When my husband was in the hospital following heart surgery, I noticed almost all the families in the ICU working on jigsaw puzzles. Great idea, I thought, and got one for myself that fit on a board I could hold on my lap. I could pick it up to work on any time, yet put it down at a moment’s notice if I was called away.
Although our puzzles gave us something to do while waiting for whatever came next, I think the real appeal was their symbolic contrast to what we were going through emotionally. Watching over our loved ones, hoping and praying for recovery, we felt fragmented, at loose ends. The situation was beyond our control. The puzzle pieces, however, we could do something about. By concentrating and focusing, we could make sense out of the jumble before us. We experienced satisfaction and a sense of accomplishment every time we were able to fit one into place.

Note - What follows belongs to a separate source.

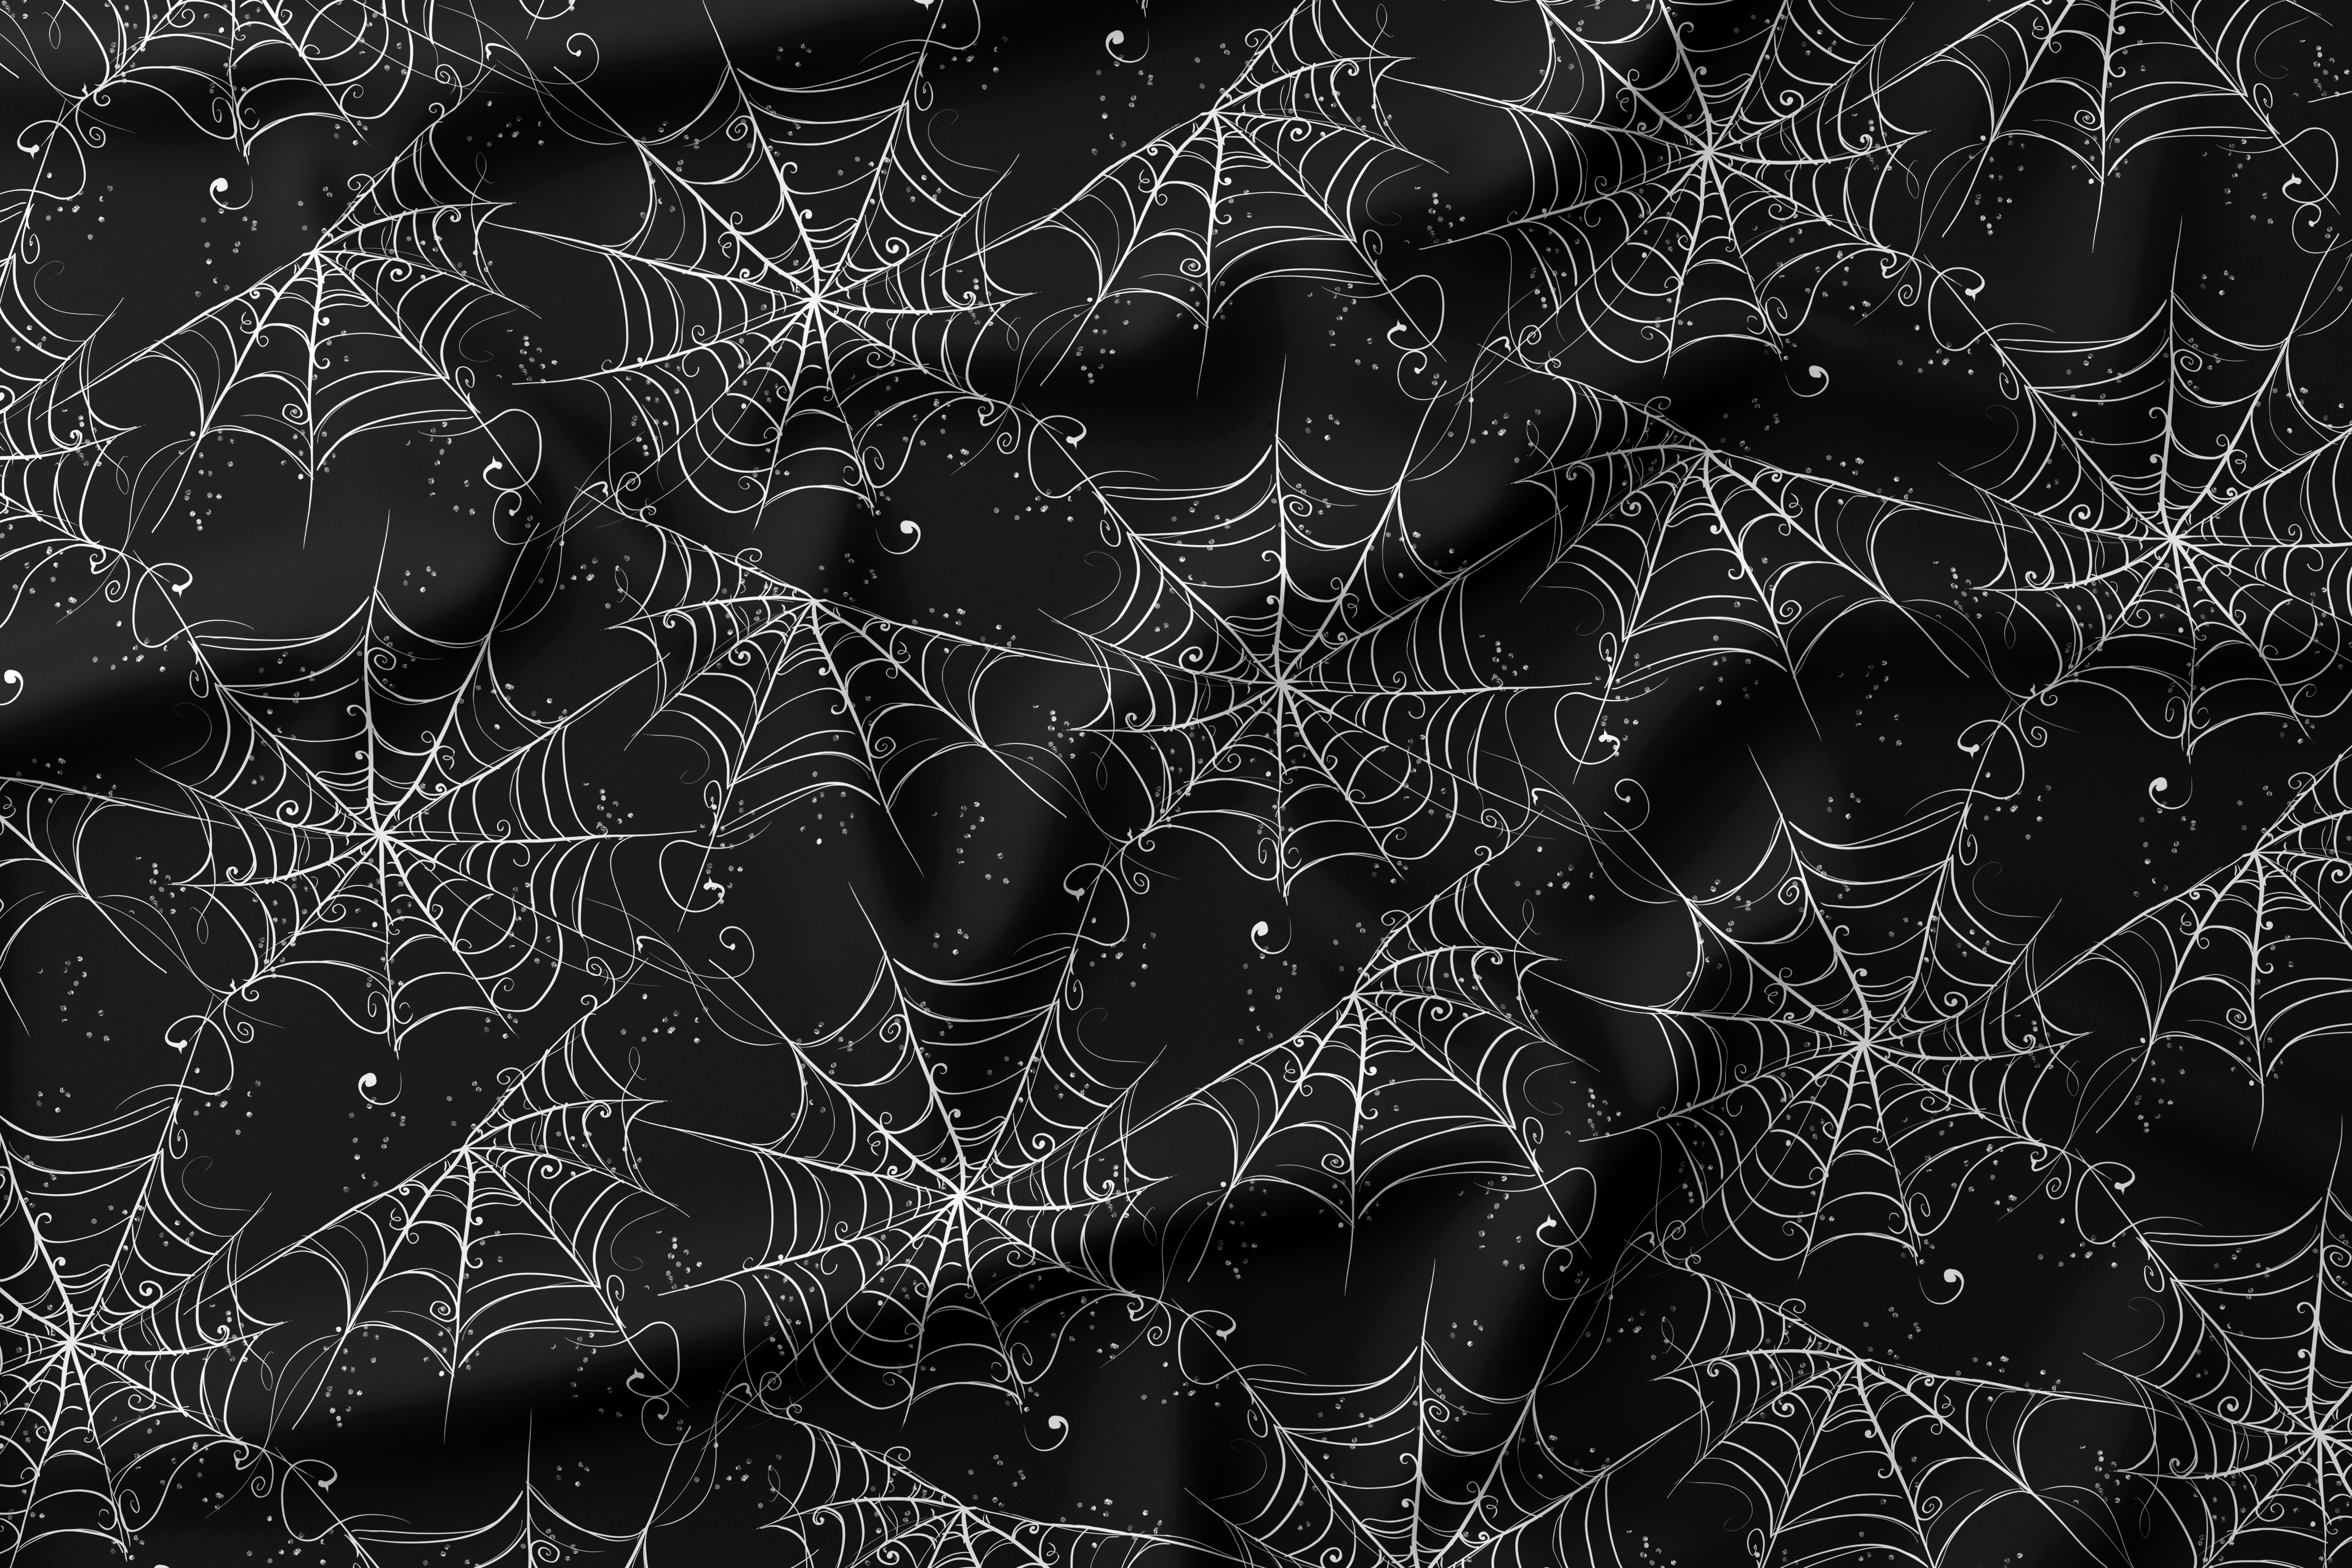 French Terry Baumwolle Stoff Halloween Spider Spinnenweben Schwarz Weiß 160 cm WB Eigenproduktion

Unlike our real-life situations, each puzzle had a box lid showing what the final result would look like, and we found comfort in that. In retrospect, I’m glad I didn’t have a box lid showing me where my real-life situation was heading; I was hoping for a different outcome. But as I learned to trust God through all of it, I grew stronger day by day, more confident in Him. When the final picture of Alan’s life was completed, I knew I could trust God with the next part of my life. He knew when and where each piece would fit.
God promised in Hebrews 13:5 that He would never leave me or forsake me, and He has been true to His Word. He also promised that He would complete the good work He began in me (Philippians 1:6). The picture of my life is coming together as the Holy Spirit puts each piece in place. He knows the picture on the box lid, and that’s enough for me.